### Problem to solve:
Give the data below again exactly as written, but without the pictures.

(Given data)

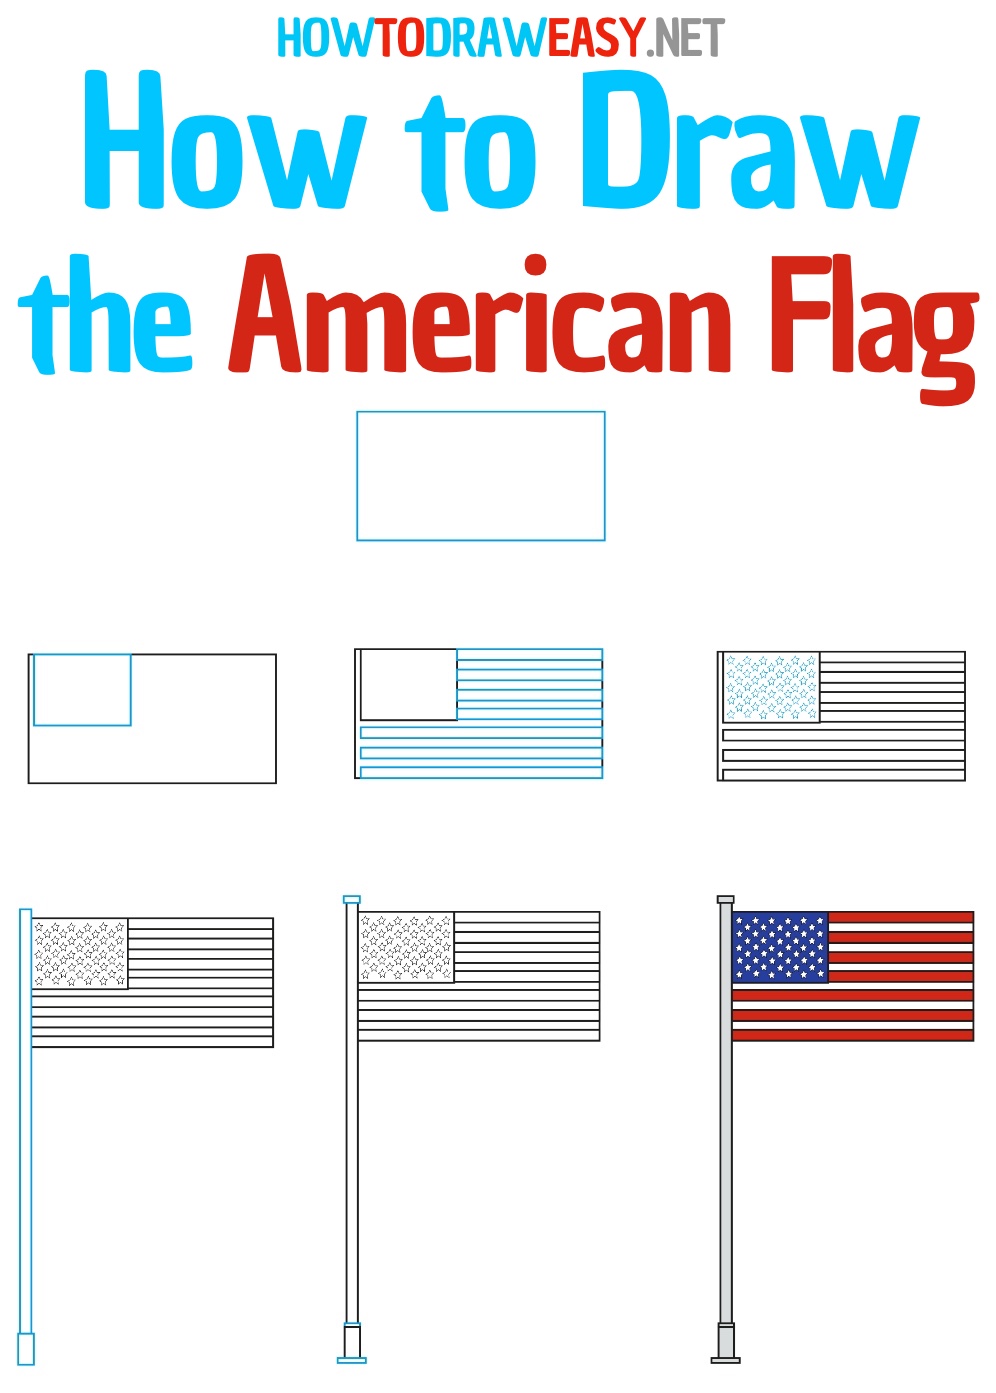 How to Draw the American Flag Step by Step
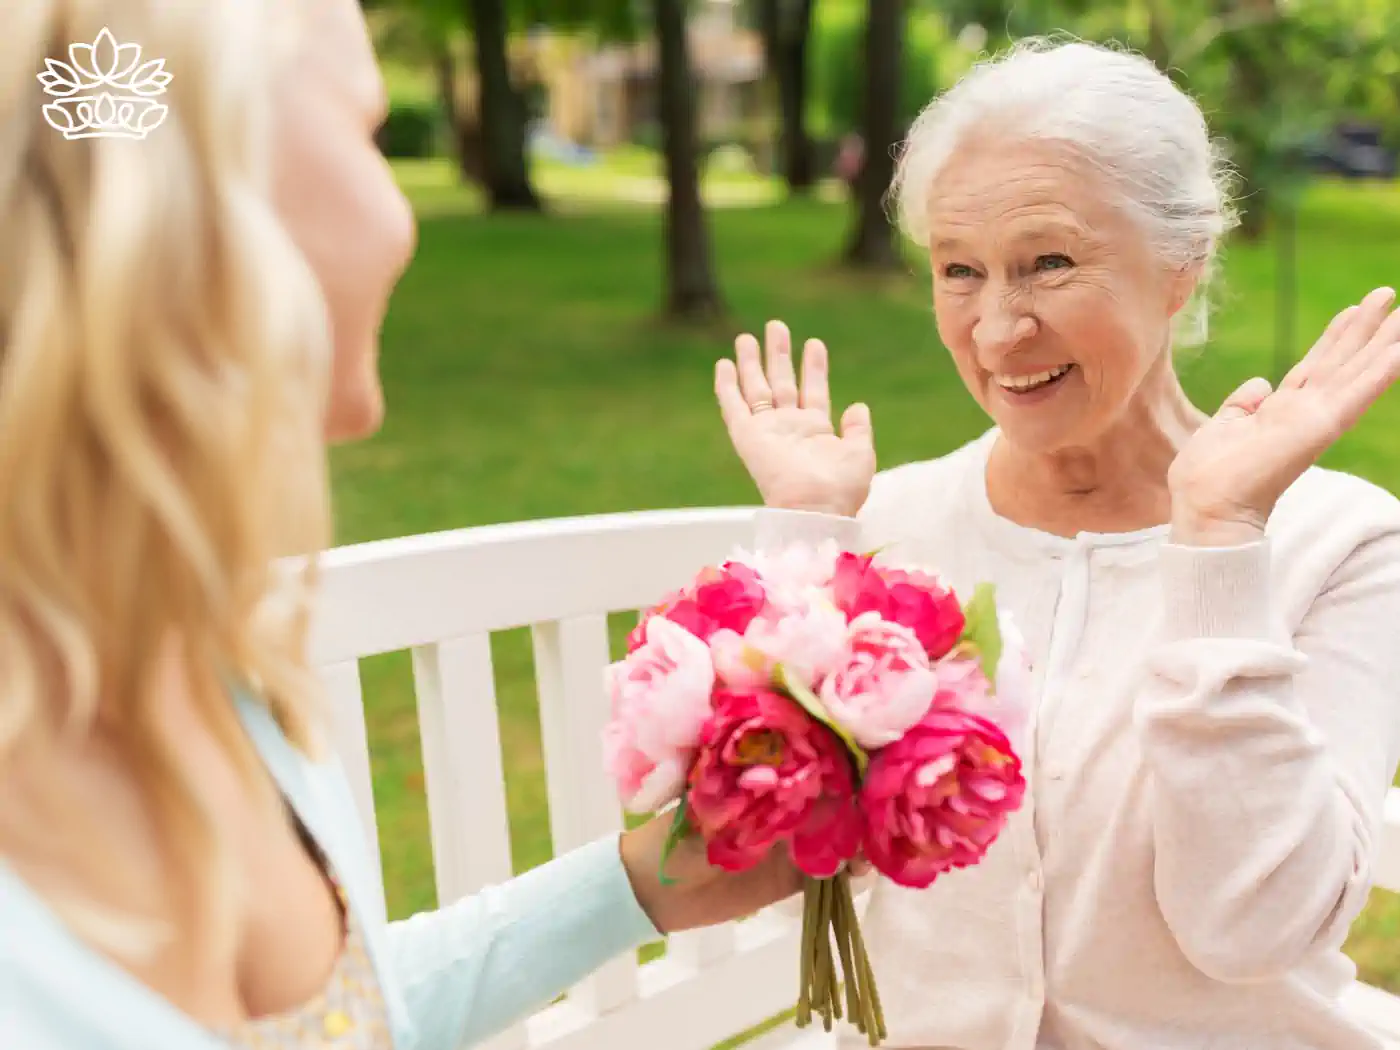 Joyful elderly woman receiving a bouquet of pink peonies from a younger woman on a park bench, expressing happiness and surprise. Fabulous Flowers and Gifts - Thank You Flowers. Delivered with Heart.
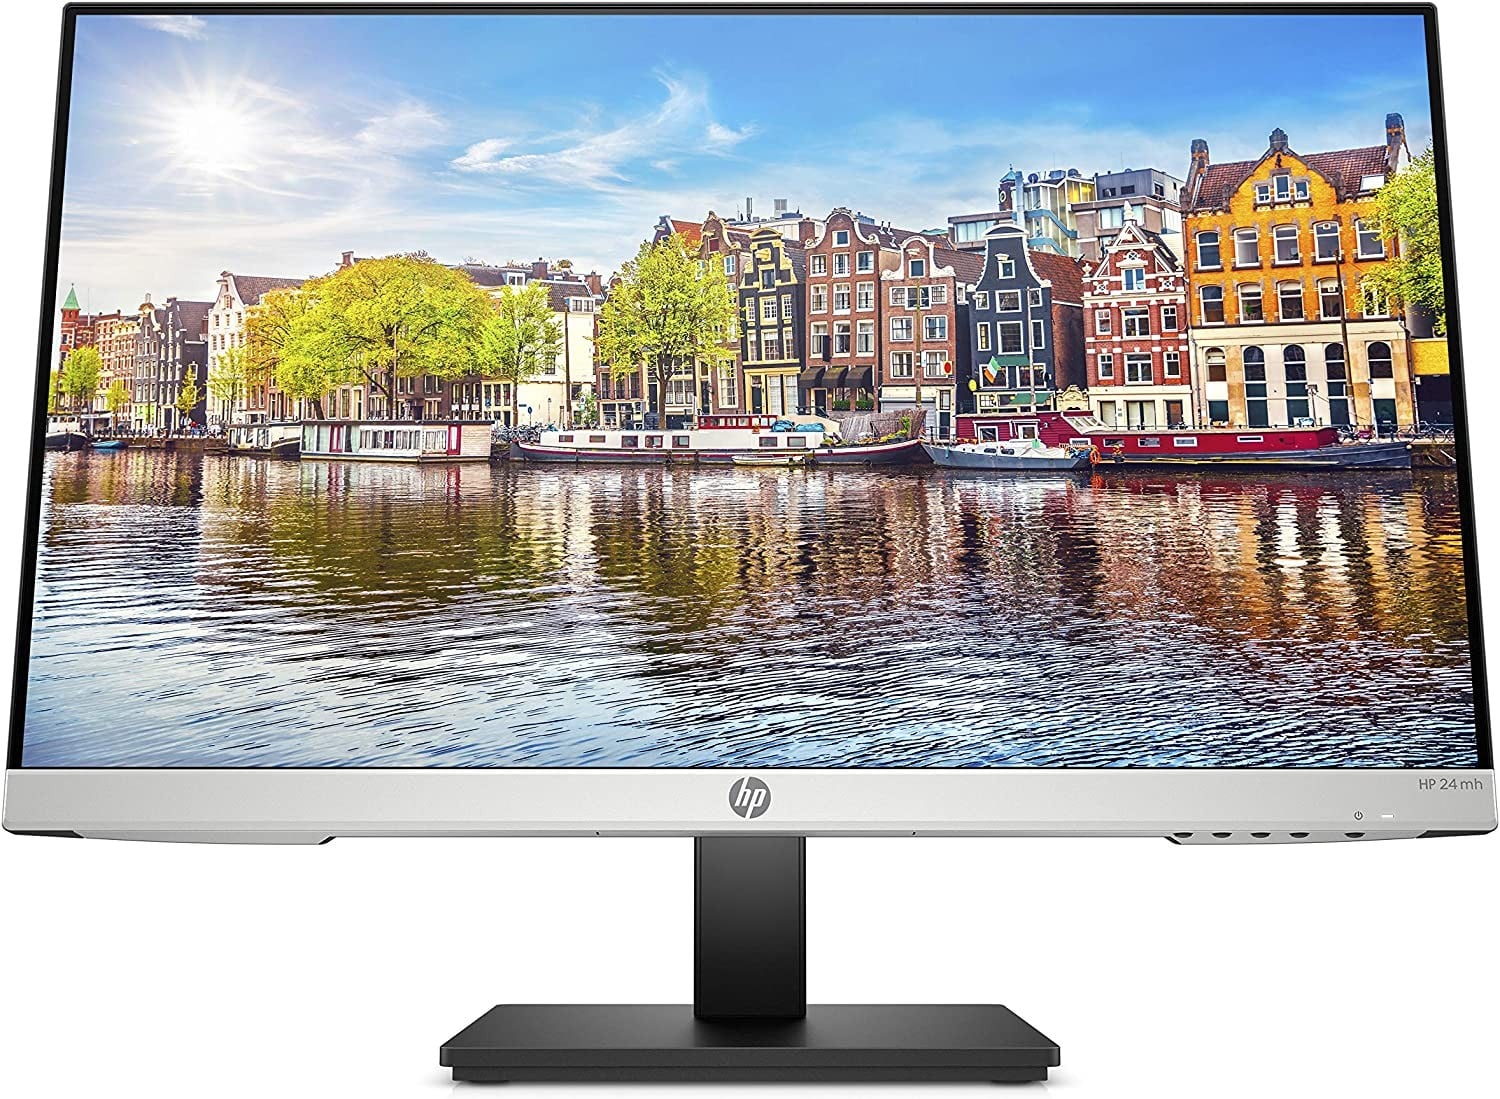 HP 24mh FHD Monitor - Computer Monitor with 23.8-Inch IPS Display

(End Given data)

### Your solution:
 How to Draw the American Flag Step by Step
 Joyful elderly woman receiving a bouquet of pink peonies from a younger woman on a park bench, expressing happiness and surprise. Fabulous Flowers and Gifts - Thank You Flowers. Delivered with Heart.
 HP 24mh FHD Monitor - Computer Monitor with 23.8-Inch IPS Display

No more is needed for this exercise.